W minionym tygodniu byliśmy z Davidem w Waszyngtonie na spotkaniu w polskim konsulacie. David potrzebował pewnych podpisów i pieczątek na dokumentach, które nadawałyby mu oficjalny status w relacjach z bankami w Polsce. Załatwiliśmy to pomyślnie i jesteśmy wdzięczni, że sprawa jest już uporządkowana.
Kiedy byłam w biurze konsulatu, przypomniałam sobie, że to wielki przywilej, że możemy wspólnie służyć w Polsce. To naprawdę wspaniałe, że pomimo tego, że nasze języki się różnią, paszporty nie są take same, nasze rządy działają niezależnie od siebie i że czasami trzeba wypełniać mnóstwo formularzy i wyjaśniać pewne operacje, to jednak w obecnej chwili możemy swobodnie współpracować na rzecz wspólnego celu. Módlmy się, aby drzwi do tej współpracy pozostawały otwarte i aby trwała ona przez kolejne lata.
A ponadto cieszmy się tym, że jesteśmy prawdziwymi braćmi i siostrami w Bożej rodzinie. Jego królestwo nie zna granic -- poprzez Jezusa jesteśmy jednością.
Nasza zaś ojczyzna jest w niebie, skąd też Zbawiciela oczekujemy, Pana Jezusa Chrystusa. (Flp 3;20)

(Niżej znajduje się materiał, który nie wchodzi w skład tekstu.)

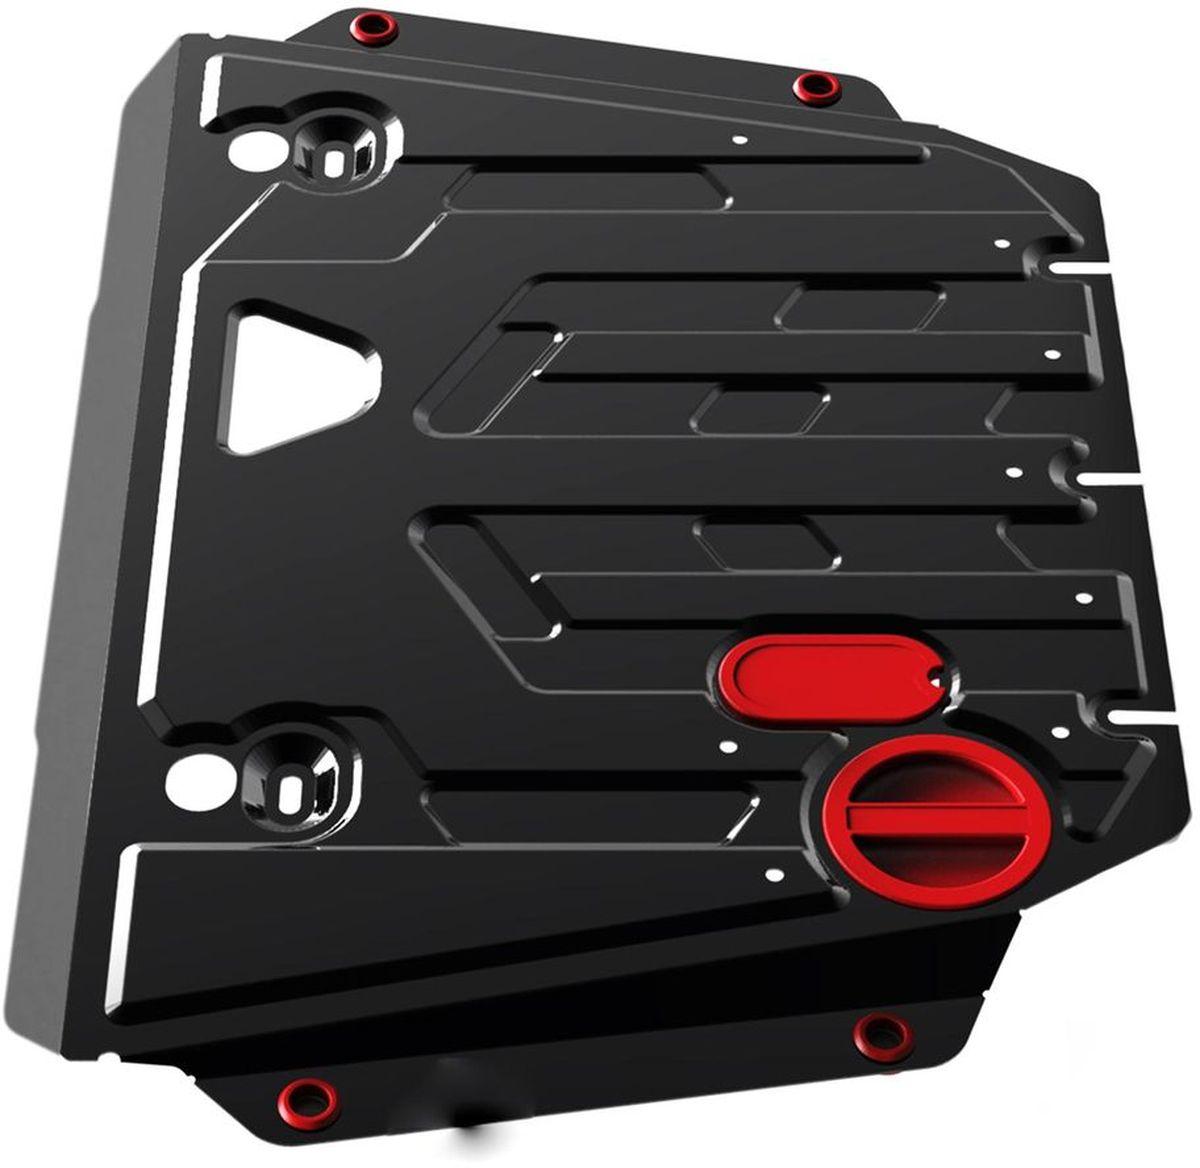 Защита картера и КПП Автоброня FAW V5 2012-, сталь 2 мм111.08006.1Защита картера и КПП Автоброня FAW V5 МКПП, V-1,5 2012-, сталь 2 мм, комплект крепежа, 111.08006.1Стальные защиты Автоброня надежно защищают ваш автомобиль от повреждений при наезде на бордюры, выступающие канализационные люки, кромки поврежденного асфальта или при ремонте дорог, не говоря уже о загородных дорогах.- Имеют оптимальное соотношение цена-качество.- Спроектированы с учетом особенностей автомобиля, что делает установку удобной.- Защита устанавливается в штатные места кузова автомобиля.- Является надежной защитой для важных элементов на протяжении долгих лет.- Глубокий штамп дополнительно усиливает конструкцию защиты.- Подштамповка в местах крепления защищает крепеж от срезания.- Технологические отверстия там, где они необходимы для смены масла и слива воды, оборудованные заглушками, закрепленными на защите.Толщина стали 2 мм.В комплекте крепеж и инструкция по установке.Уважаемые клиенты!Обращаем ваше внимание на тот факт, что защита имеет форму, соответствующую модели данного автомобиля. Наличие глубокого штампа и лючков для смены фильтров/масла предусмотрено не на всех защитах. Фото служит для визуального восприятия товара.

This past week David and I drove to Washington D.C. for a meeting at the Polish consulate. David needed papers signed and stamped to give him official status with the banks in Poland. Everything went well and we are thankful that all is in order.
While in the consulate office, I was reminded what a privilege it is to serve as partners with you in Poland. It is truly amazing that although our languages differ, our passports are not the same, our governments function independently, and there are lots of forms to fill out and transactions to be explained, we are currently free to work together for a common purpose. Let us pray that the doors will remain open for our partnership to continue for many years to come.
And beyond that, let us celebrate that we are truly brothers and sisters in the family of God. His kingdom knows no borders. Through Jesus, we are one.
For our citizenship is in heaven, from which we also eagerly await for the Savior, the Lord Jesus Christ (Philippians 3:20).